Séamus Ahearne: New days, new ways and Indi prays…

OSCARS FOR PERSEVERANCE

SOUNDS OF THE SHANNON
The roads are different. The heron is absent. The nest-making swans are out of sight. There are ducks but not my friends the Tolka ducks. I don’t see the water hens. The Spring shrubs are out. They are talkative and beautiful. The gnarled trees talk of longevity. The air is crisp. My boots like the familiar and seem shy and tentative, as we walk. Athlone and the Shannon, can’t compete with the Tolka. I must have become a creature of habit. I was radical once and even adventurous.
Has the weight of years snared me and quashed me? It is a new day. It is. Chapter time for the Irish Augustinians. After five years, we gather to listen to Isaiah – ‘See I am doing a new deed, can you not see it?’ We try to. The world is new. The church has to be new. Even ancient professionals have to be new. I pine and wither away thinking of Finglas South. The new, feels sore. The country roads beckon. The birds are noisy and sing different songs. There is a new message whispering in the air. I must return and talk to the Heron.
AFTER GOD: WHAT NOW?
We had strange ideas plotting sedition this morning. They hovered over the Assembly. We had ‘God after God.’ ‘The God who may be.’ (Richard Kearney). We had Charles Taylor (not the former President of Liberia) but the philosopher of Secularism from Canada. We had Sally Rooney with ‘Beautiful world, where are you.’ Can you believe this? It was a Roman who created such a downpour. The issues and comments were a summary observation, on the Church. Our disappearing God, (that we thought we knew) had us running as best we could, trying to grab hold of someone/something to comfort us. So yes, we are poets and artists of faith. We are searching for what happens after the God we had tidied up; after the Church we had carefully built; after the religion we had defined so clearly and neatly.
Now the symbolism of the demolished building in Finglas West speaks to us of a dying world. We feel like dead men walking. We have to become inventors; innovators; architects of the future. God is not dead. Nor are we. It is a new God we must find. A new creation. We had 80 First Confessions last week and 11 baptisms in Rivermount. That new building (of sacramental moments) is very fragile. It won’t stay upright against the storms of today. And it is hardly appropriate.
OUTRAGE
The war in Ukraine continues. Conventional wisdom screams that the bully can’t be allowed to win. The pacifist in some of us is beginning to collapse. Some laughed with knowing scorn at Joe Biden but I thought his outrage was real and proper. No one has words strong enough, or deep enough, to hurl at the outrageous behaviour by the Russian invaders. Homes destroyed. People killed. Cities flattened. Internal displacement. Refugees.
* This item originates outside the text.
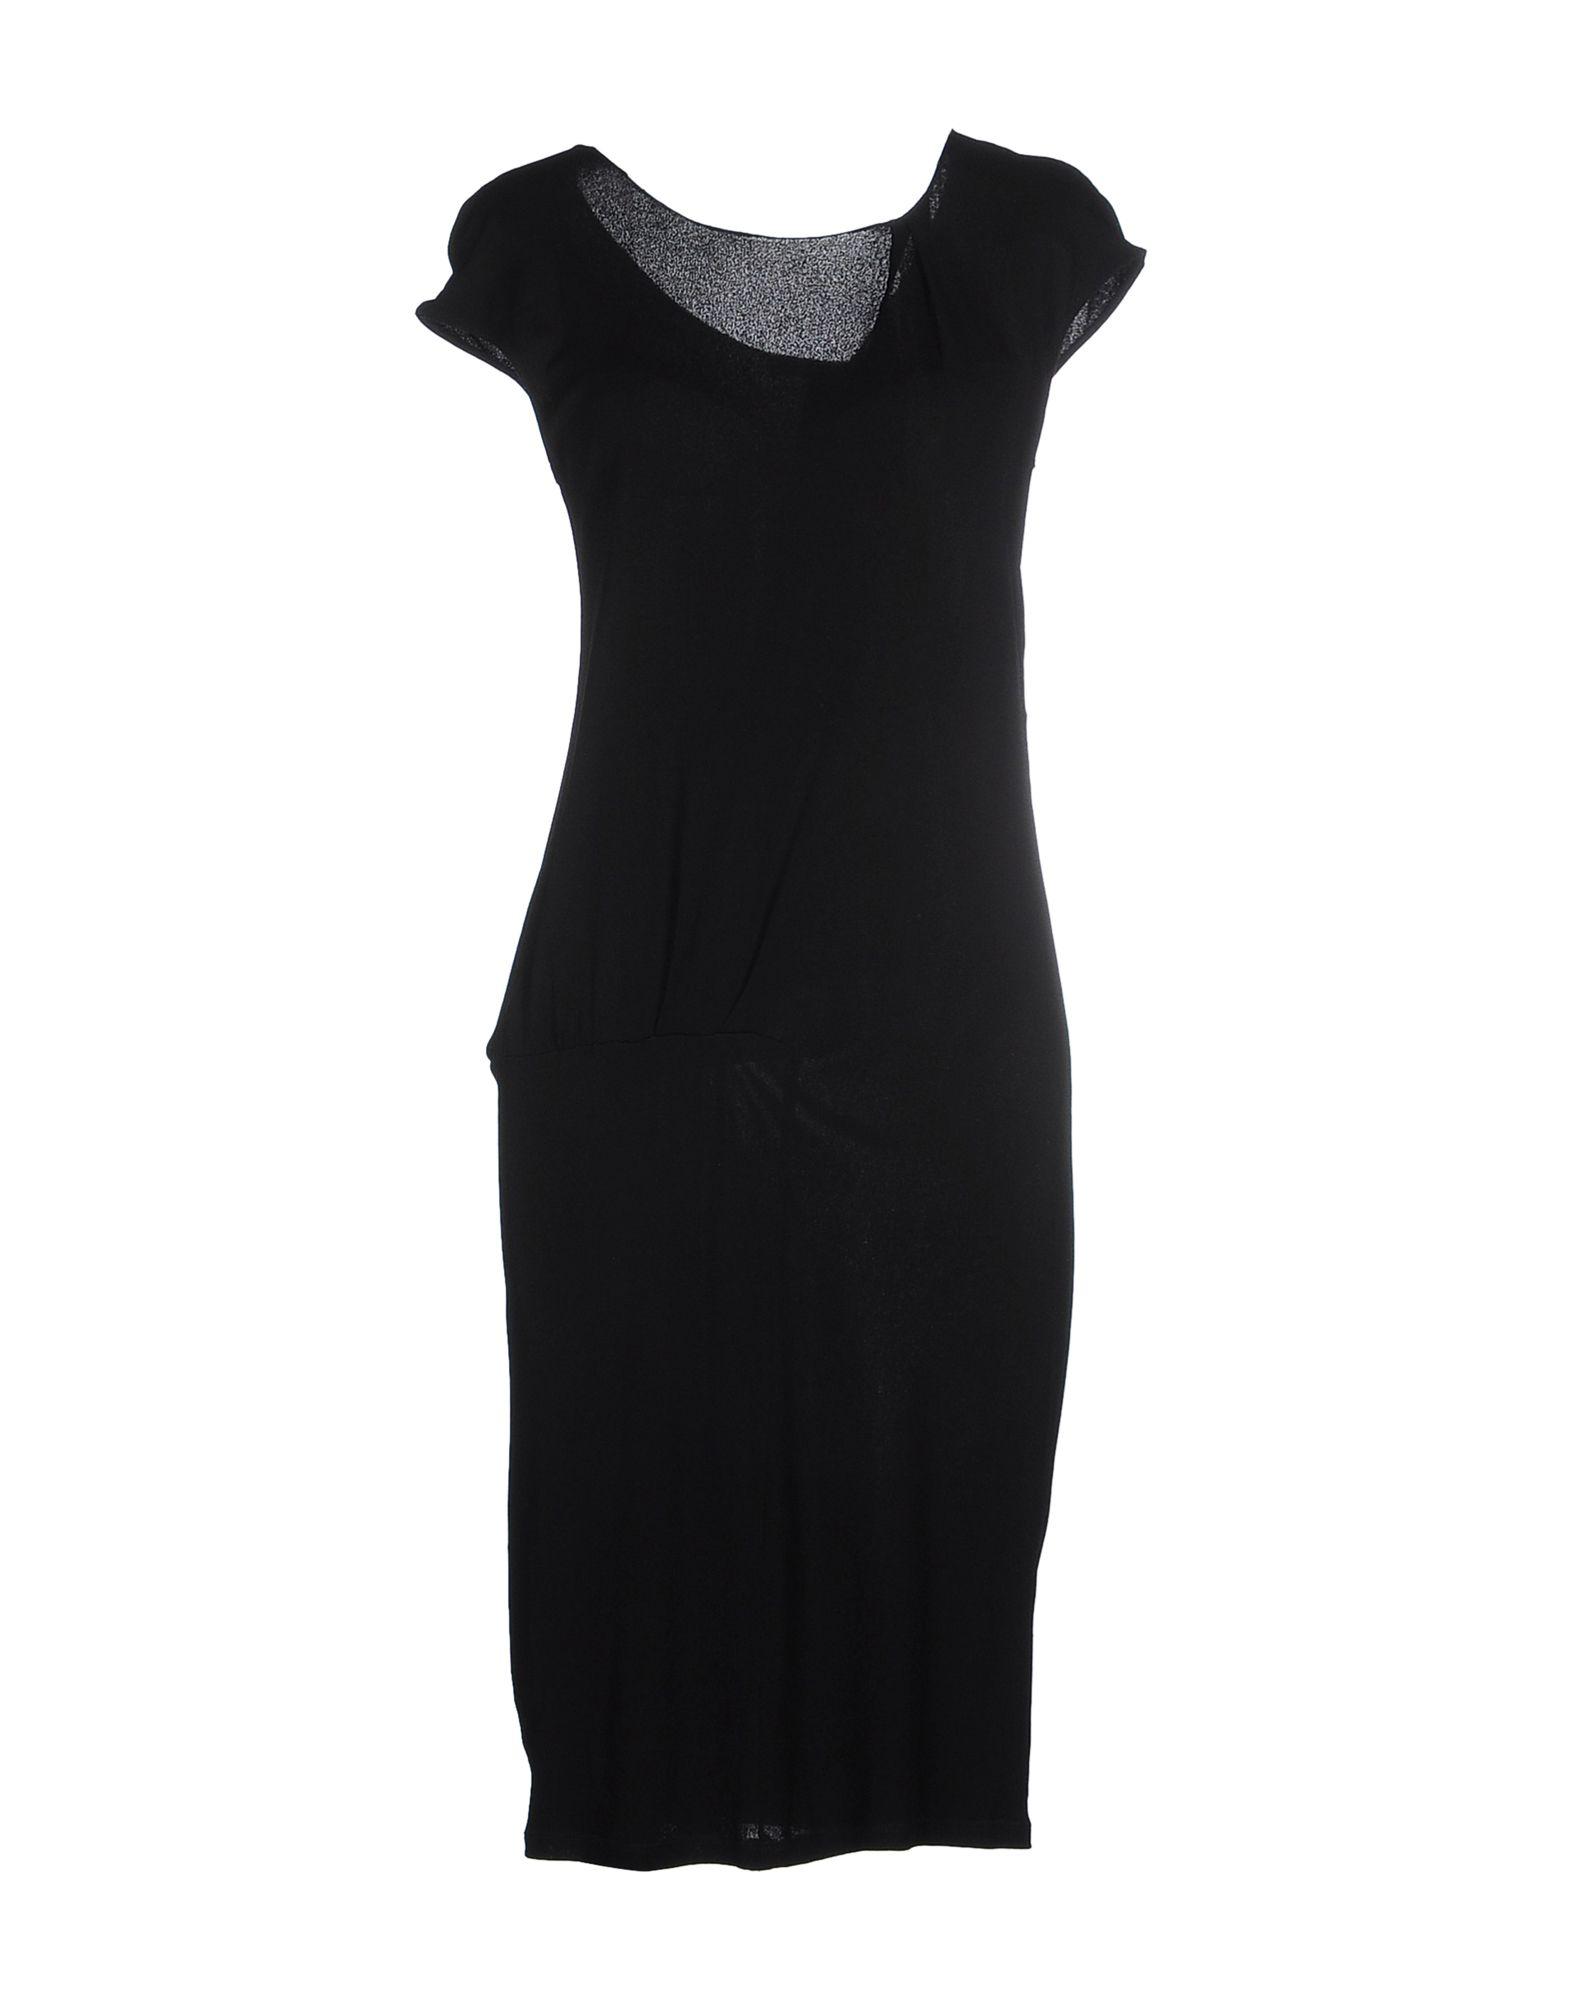 VIONNET Короткое платье vionnet vionnet платье из шелка sf 145254

And the Communist system dares to claim a quasi- religious justification for the devastation. Religion has often been used badly, and history is littered with the destruction caused by those who claim the infallibility of knowing the God-view. That disease is still pervasive.
INDI: SHE HAS NEW PROBLEMS
Covid is lurking about. It has invaded her friends. It has scuttled her plans for play. She is not amused. She can’t understand why anything should disrupt her carefully constructed schemes of amusement.
In those moments left blank due to so much being scuppered on her; she devotes to God. Yes. God is very near to her. She plays hide and seek with God. She watches the sun. She sees the shadows. She notices the changing patterns of the clouds. She thinks God is playing games with her and she gets giddy with laughter. She can’t understand why adults are shy to talk of God and are ill at easy in such a discussion. They become busy with everything else. God is a sideshow for them but not for her.
She has her own way of praying. It goes something like this. (When she rings; she tells me): “Thanks for playing with me. Thanks for the fun we have together. Thanks for the colour of the hills. Thanks for the cows in the fields. Thanks for the birds who sing to me. Thanks for the flies that I try to catch, but can’t. Thanks for my house and my food. Thanks for mammy and daddy. Thanks for all my friends with Jazz, where I go when mammy is at school and daddy goes to work. Thanks for my books and teddies and toys. Thanks for the air. Thanks for everyone.” She ends then by saying to God – “Why don’t you do something about these wars and do something about Covid too. You can’t be that busy!”